Шла пора сенокоса, самая страда, и во всем Крутовом Вершке, кажется, не осталось живой души, кроме них да нескольких свиней, дремлющих в тени под тыном. Дверь избы была открыта, впуская душистый летний воздух и яркий свет, солнечные лучи падали на дощатый пол, но бабка лежала в дальнем углу, во тьме, и Заранке казалось, что она слышит голос Темного Света. Прабабка была так стара, что принадлежала уже скорее к посланцам Темного Света в мир живых, чем наоборот.
– Была я такая же девчоночка маленькая, как ты сейчас, – негромко, но уверенно вел речь Темный Свет. – Пошла как-то в лес по ягоду, ходила, ходила, от своих отбилась, заблудилась, что делать – не знаю. Бродила-бродила, блуждала-блуждала, пока из сил не выбилась. Уж темнеет, делать нечего, надо утра ждать. Нашла ель большую, разлапистую, заползла туда с лукошком, на мох легла, свернулась, сплю…
Заранка слушала, не шевелясь и едва смея вздохнуть: казалось, ее собственная душа рассказывает о ней же, так ясно она видела темный лес и себя, одинокую, усталую и напуганную. Она тоже ходила в лес с прочими детьми и сестрой Миравой и знала, как легко там отбиться и потеряться.

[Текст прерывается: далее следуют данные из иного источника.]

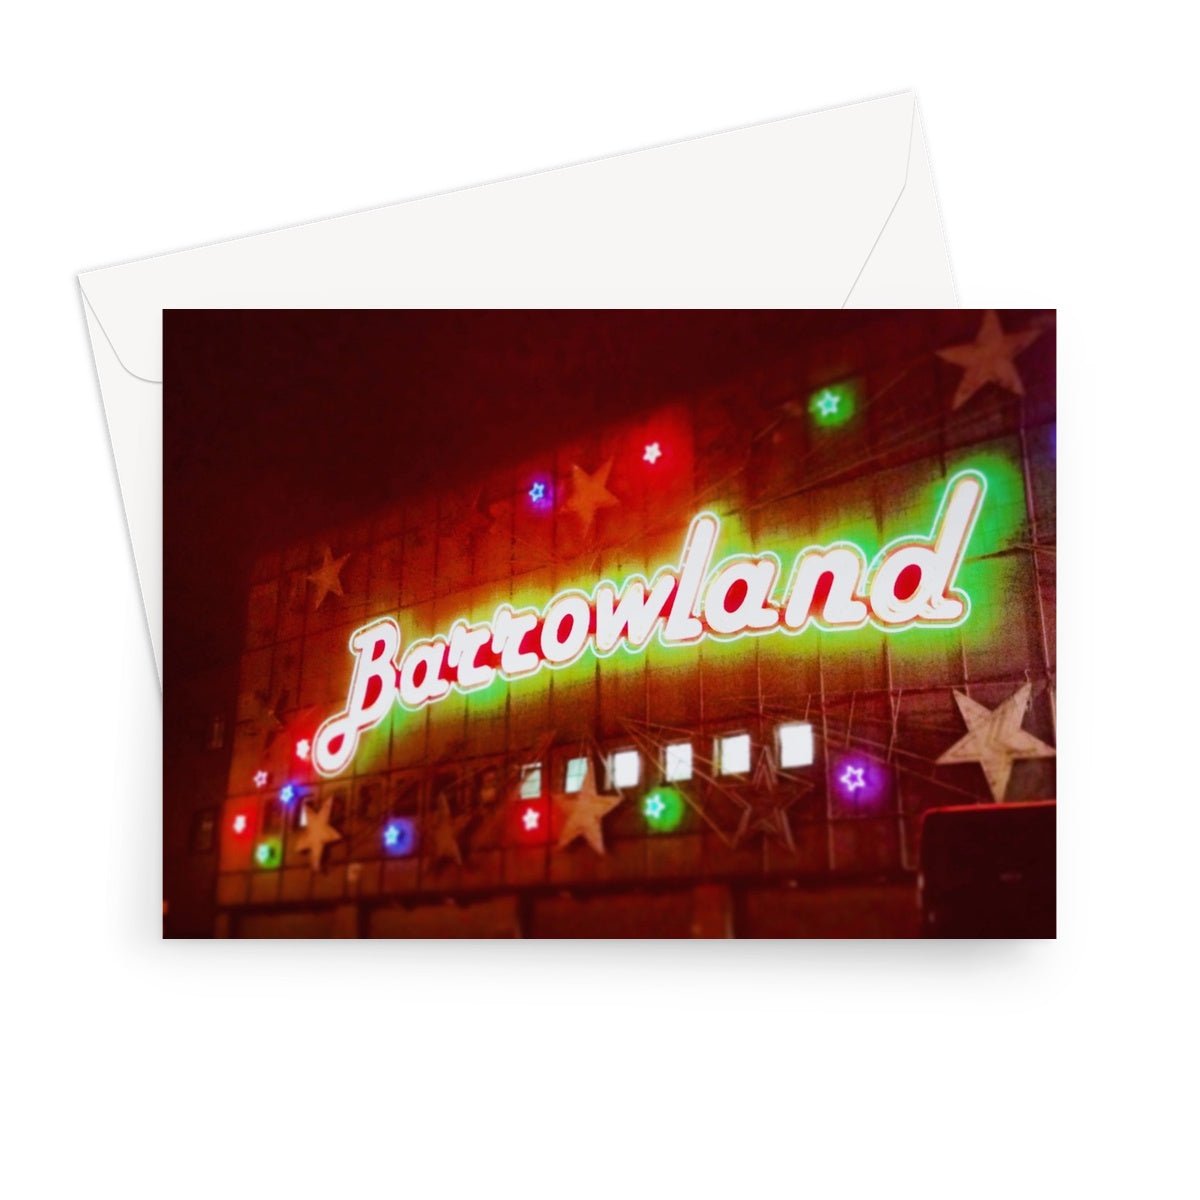 A Neon Glasgow Barrowlands Art Gifts Greeting Card-Greetings Cards-Edinburgh & Glasgow Art Gallery-7"x5"-1 Card-Paintings, Prints, Homeware, Art Gifts From Scotland By Scottish Artist Kevin Hunter

– Среди ночи слышу – стук да гром! Проснулась, выглядываю тихонечко – полная луна светит и так ярко, что все видно, как днем, каждую травку разбираешь. Вижу, идут две старые старухи – нос в бороду врос, и обе ликом темны. У каждой глаз нет, а во лбу отверстие. Подошли они, сели наземь, одна и говорит: «Ну что, сестрица Доля, пора нам глаз делить». «Пора, сестрица Недоля», – вторая отвечает. Вынимает из-за пазухи щепку осиновую, а щепка с одной стороны белым-бела, с другой – черным-черна. Взяли они ее, подбросили, она и упала белой стороной кверху. Ощупали они ее, одна и говорит: «Видно, нынче твой час, сестрица Доля». Встает вторая, руки поднимает – и хвать с неба луну! Сняла ее да и в лоб себе вставила! Стоит она, а у нее во лбу глаз сияет. Вот стала она глядеть по сторонам. «Вижу, говорит, в таком-то доме дитя народилось. Жить ему будет сто лет, иметь жену, семерых детей, семь раз по семь внуков, а скотины разной у него будет столько, сколько звезд на небе. Еще вижу, говорит, князь киевский на войну собирается: всех ворогов в прах разобьет, а сокровищ возьмет столько, что и не унести. Еще вижу, говорит, старик из Борятина сыну младшему думает невесту сватать: будет у него жена, ростом высока, красотой красна, походочка у нее лебединая, тиха-плавна речь соловьиная…» Долго она так говорила, людям доли судила, да все добрые. А вторая и говорит: «Достанься мне нынче глаз, не видать бы им столько добра». Может, ты, говорит, обманула меня? Может, нынче мне глаз полагался? Стали они спорить, в драку полезли – одна другой как засадит кулачищем в лоб, тут луна у Доли из лба выскочила и опять на небо взобралась. Стали они друг дружку попрекать, а потом одна и говорит: «Вон под елкой девчонка маленькая хоронится, не спит, все видит, все слышит, спросим-ка у нее». Я вылезаю, ни жива ни мертва. Они щепку мне показывают и спрашивают: какой стороной упала? Я говорю, белой. Тут они помирились, а мне говорят: «Коли когда пожелаешь кому долю поменять с доброй на худую или наоборот, то позови нас – мы все сделаем». А потом просыпаюсь я – уже утро, а совсем рядом пастуший рожок гудит. Я пошла туда – и прямо к дому и вышла.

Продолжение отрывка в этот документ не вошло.